Heat and Cooling Naturally
Earthships are homes built with passive solar design principles. During the cool winter months, low angled sunlight enters the home and warms the floors and walls. Exterior and load bearing walls are constructed from a “core” of up-cycled tires and rammed earth. This high thermal mass core is covered with concrete or earthen-based plasters for a smooth and cosmetically appealing surface. The mass of the walls and structure “absorb” the sun’s heat, this heat is stored in the mass walls and is then released back into the living space after the sun sets. In summer, the cool base temperature of the earth around the home provides natural cooling. This is supplemented with convective air flow and skylight vents.
Power and Water
Earthships by their nature are off-grid. This means they are self-sufficient in terms of electricity and traditional service utilities. Solar panels and/or wind turbines generate electric power. The home’s roof surface acts as a “collector” for rain and snow harvesting. Water consumption is further enhanced by re-use. An Earthship’s water stores are “processed” by filtration and purification means for initial use. Grey water from sinks and showers is processed through a biological/planter bed before being used to flush conventional toilets. These planter beds can also be used as gardens (some people grow food in grey water-irrigated gardens; some do not). The waste water from the toilets is then processed in an exterior system that can be used for exterior landscape needs. With this system the water is actually used four times… which is a great savings in its own right. Hot water for domestic use is produced using thermal solar power.

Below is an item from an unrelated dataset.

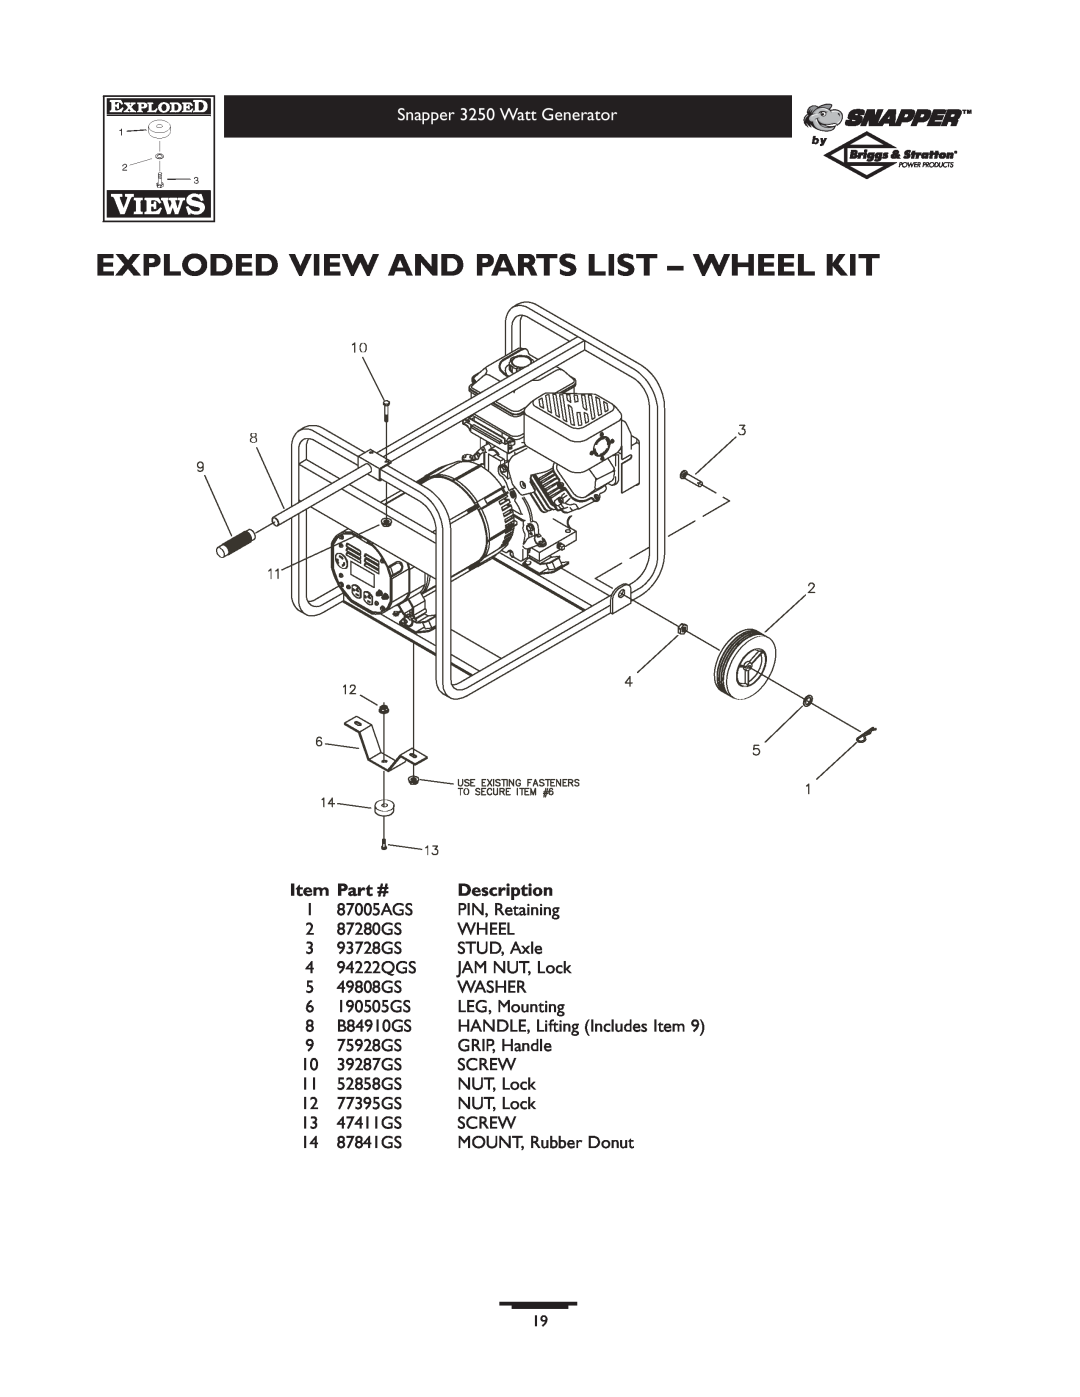 Snapper 1667-0 owner manual Exploded View And Parts List - Wheel Kit, Snapper 3250 Watt Generator, Description

Recycled Building Materials
One of the greatest advantages of Earthship construction is the use of reclaimed materials. The fundamental “building blocks” of an Earthship include tires, bottles and cans. Earthship “foundations” begin with old tires that are filled with simple dirt. This local material is compressed into the “form” of the tire and provides a strong solid and dense “brick”. These tire walls are built on three sides of the structure and provide both thermal mass and support for the home roofing system. Interior and decorative walls are often built using bottles and cans as the “core” materials. This integrated “matrix” of concrete and containers reduces the total amount of mortar that is needed and can provide a great decorative element.
Earthships are gaining popularity and can be found in nearly every climate type. One of the best known examples of this type of architecture and sustainable building style can be found near Taos, New Mexico. Here an entire community of Earthships make up the “Greater World Community.” This “subdivision” has been in existence for nearly 20 years.